Various polyhydric alcohols can be used as long as they have two or more hydroxyl groups in the molecule. Specifically, butylethylpropanediol, 2,4-diethyl-1,5-pentanediol, 3-methyl-1,5-pentanediol, polyethylene glycol, ethylene glycol, diethylene glycol, triethylene glycol, tetraethylene glycol, 1,3-propanediol, 2-butyl-2-ethyl-1,3-propanediol, 1,2-butanediol, 1,3-butanediol, 1,4-butanediol, 1,5-pentanediol, 1,6-hexanediol, 1,7-heptanediol, 1,2-octanediol, 1,8-octanediol, 1,9-nonanediol, 1,2-decanediol, 1,10-decanediol, 2 , 2-Dimethyl-1,3-propanediol, 2,2,4-trimethyl-1,6 Hexanediol, 1,3-cyclohexanedimethanol, 1,4-cyclohexanedimethanol, diols dimer acid and 2-methyl-1,8-octanediol, and the like. Two or more polyhydric alcohols can be used in combination as required.
As a method for producing the polyester polyol, a general esterification reaction may be followed, and examples thereof include a method in which a polyvalent carboxylic acid and a polyhydric alcohol are heated with stirring in the presence of a catalyst. As said catalyst, the catalyst normally used by esterification reaction can be used, A base catalyst, an acid catalyst, a metal alkoxide, etc. are mentioned. Examples of the base catalyst include metal hydroxides such as sodium hydroxide and potassium hydroxide, and amines such as triethylamine, N, N-dimethylbenzylamine and triphenylamine.

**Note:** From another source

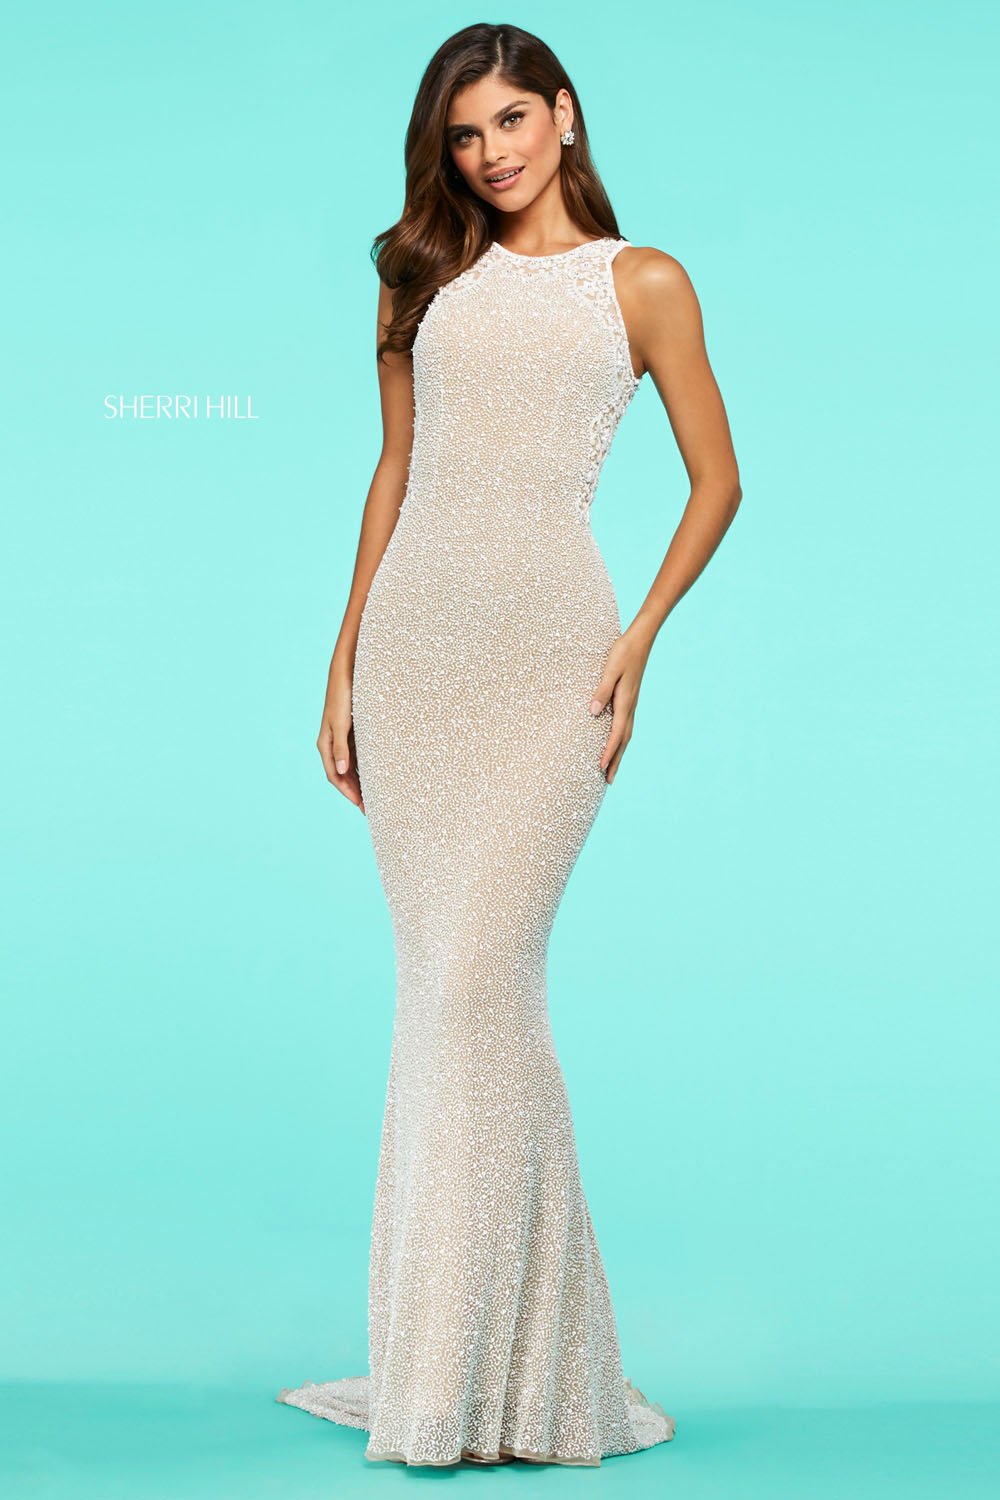 Sherri Hill 53490 dress images in these colors: Nude Ivory, Lilac Nude.

Examples of the acid catalyst include sulfuric acid and paratoluenesulfonic acid. As the metal alkoxide, an alkoxide of titanium, tin or zirconium is preferable. Specific examples of these metal alkoxides include tetraalkyl titanates such as tetrabutyl titanate; tin alkoxides such as dibutyltin oxide and monobutyltin oxide; and zirconium alkoxides such as zirconium tetrabutoxide and zirconium isopropoxide.

The polycarbonate polyol is not particularly limited as long as it is a polyol having a carbonate bond and having two or more hydroxyl groups, but an alkylene group, an alkyl group, an aromatic hydrocarbon group, a cycloparaffinic hydrocarbon group, etc. A reaction product of a carbonic acid ester having an alkylene group, an alkyl group, an aromatic hydrocarbon group, a cycloparaffinic hydrocarbon group and the like can be used.
Examples of the carbonic acid ester include ethylene carbonate, dimethyl carbonate, diethyl carbonate, diphenyl carbonate, propylene carbonate, and dicyclohexyl carbonate. These can be used alone or in combination of two or more.
Polyols include 1,6-hexanediol, 1,4-cyclohexanedimethanol, 3-methyl-1,5-pentanediol, 1,5-pentanediol, polyoxyethylene diol, polyoxypropylene diol, polyoxy Examples include butylene diol, polycaprolactone diol, trimethyl hexane diol, and 1,4-butane diol.
These can be used alone or in combination of two or more. Moreover, you may use together 2 or more types from which molecular weight or a composition differs.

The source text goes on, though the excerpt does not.